Pensavo che in quest’epoca connessa sarebbe stato facile reperire tutte le informazioni e comparare prezzi e prestazioni.

Mi sbagliavo!

I siti delle case automobilistiche, sia i siti italiani che le loro controparti americane inglesi o francesi, sono orribili. Assolutamente inutilizzabili, non rispettano nemmeno le norme più base dell’accessibilità e dell’utilizzabilità. Filmati flash, cataloghi da scaricare via pdf, o ancora peggio: pdf da sfogliare on line con una applicazione flash.

Ma stiamo scherzando?

E poi certo… la tecnologia…

Circa 20 anni fa, in piena adolescenza, ricordo che mio padre mi portò con lui in giro per concessionari dato che stava scegliendo un’auto da acquistare. Ricordo un fatto in particolare: più o meno tutte le automobili prese in considerazione avevano consumi che permettevano percorrenze poco inferiori ai 20km/l.

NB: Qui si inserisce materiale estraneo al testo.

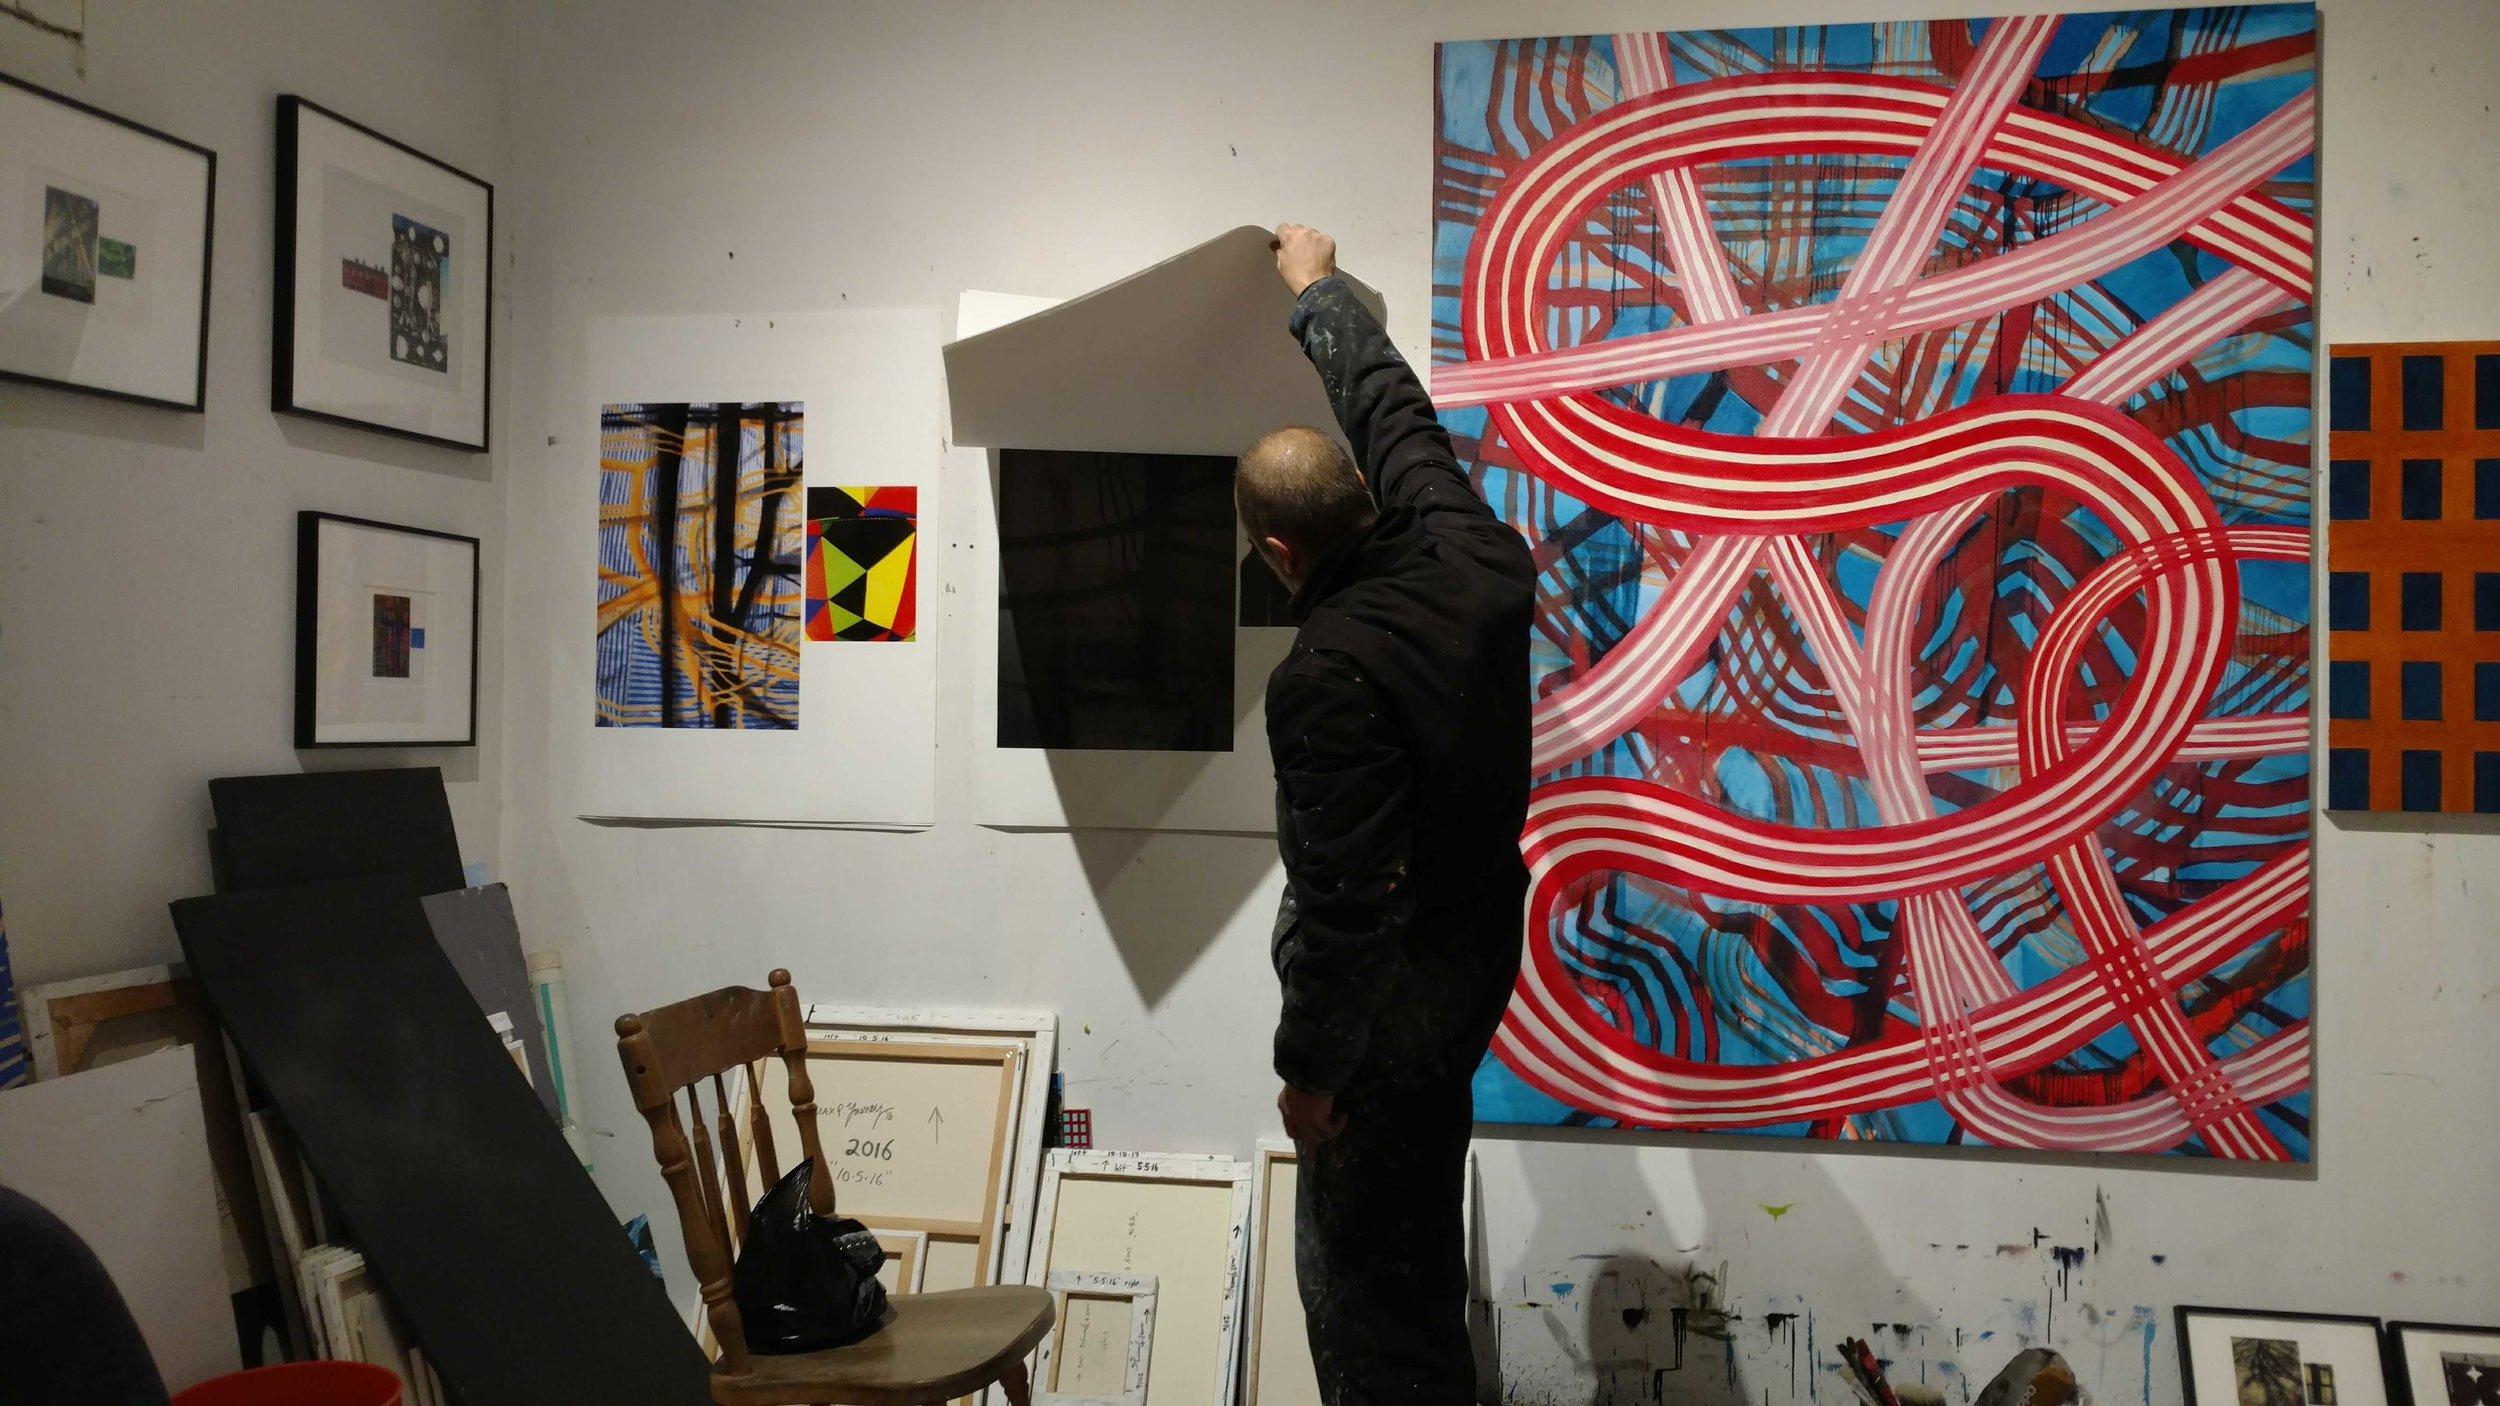 About Max Yawney - BACKGROUNDLives: Brooklyn, NY, USAEducation: Long Island University Brookville, NY- MFA, Painting, 1998;Rochester Institute of Technology Rochester, NY- BFA, Photography, 1986
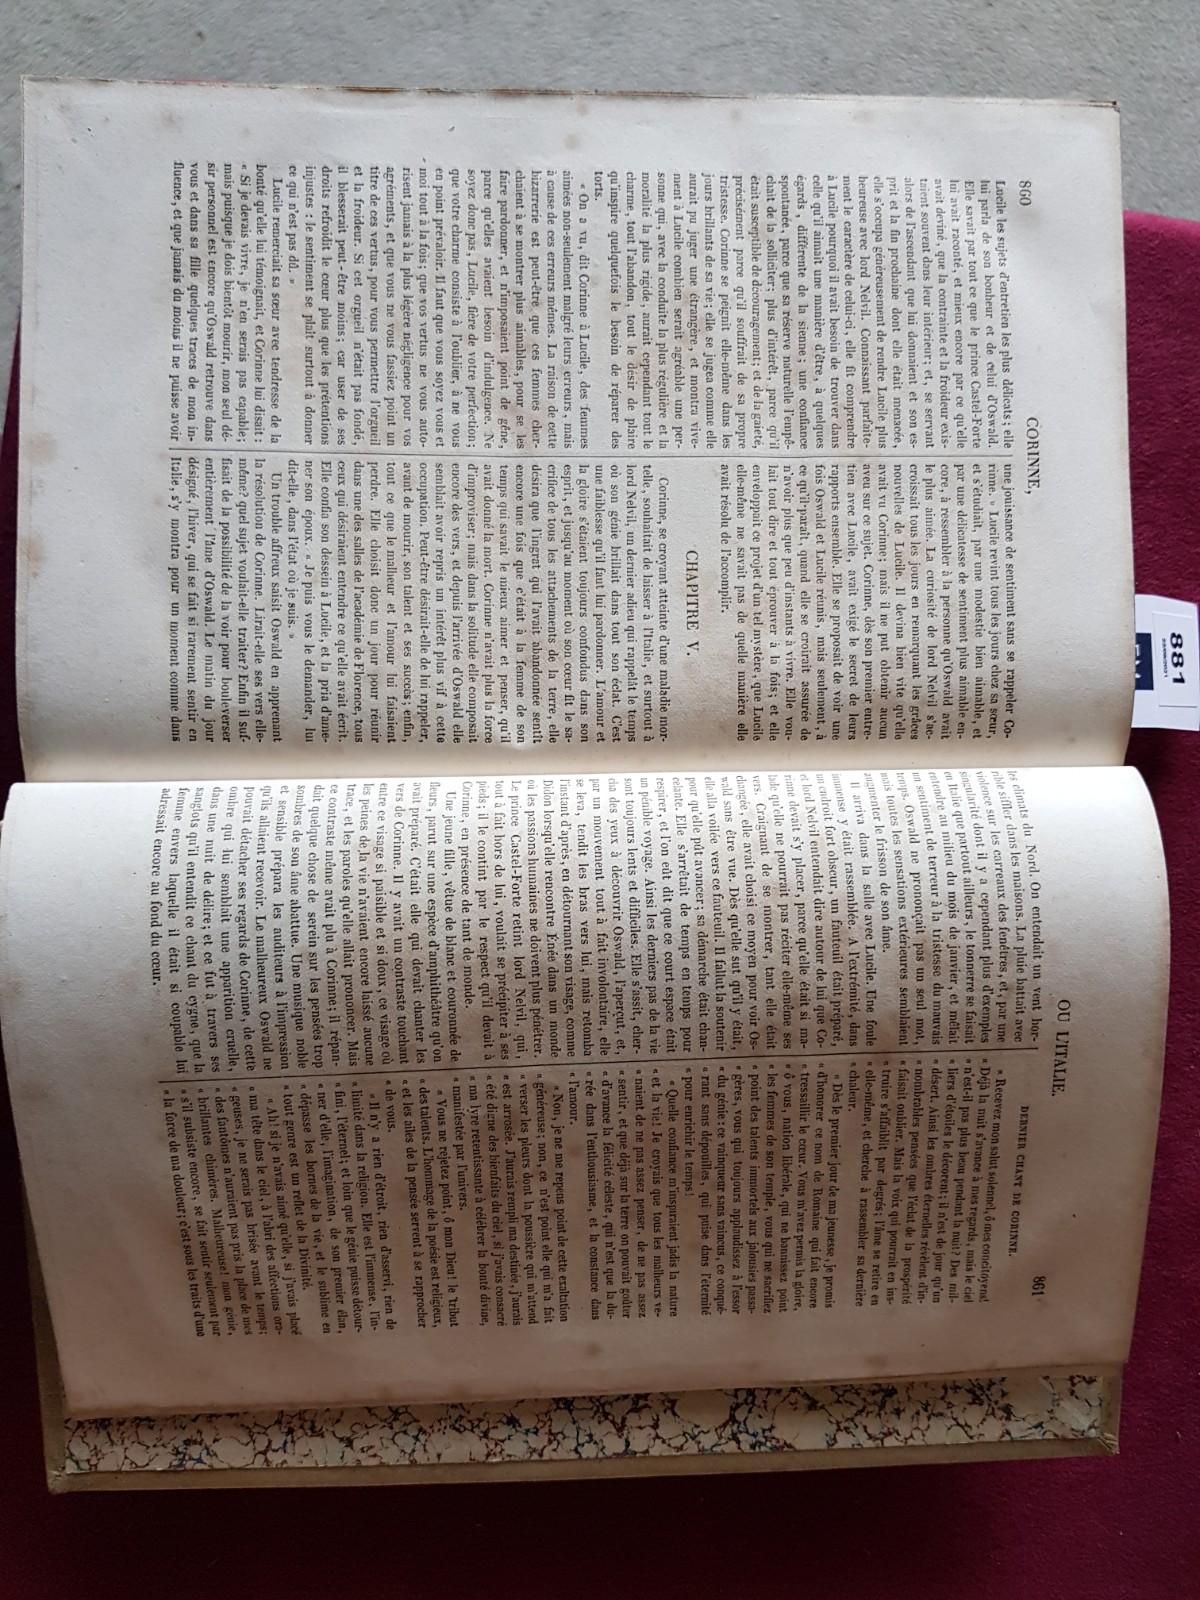 De Stael (Madame)ÿOeuvres Completes de Madame la Baronne de Stael-Holstein, 2 vols. folio Paris ( - Image 5 of 8

Dopo 20 anni di incredibili passi avanti in campo tecnologico le moderne autovetture continuano ad avere consumi che non consentono di andare oltre i 20km/l.

Qualcuno mi spiega per favore esattamente in cosa consiste tutta questa tecnologia? Nel dare l’autoradio di serie e il navigatore satellitare di serie? E’ questo tutto? 200 euro di elettronica cinese questi la chiamano tecnologia?

Sono allibito!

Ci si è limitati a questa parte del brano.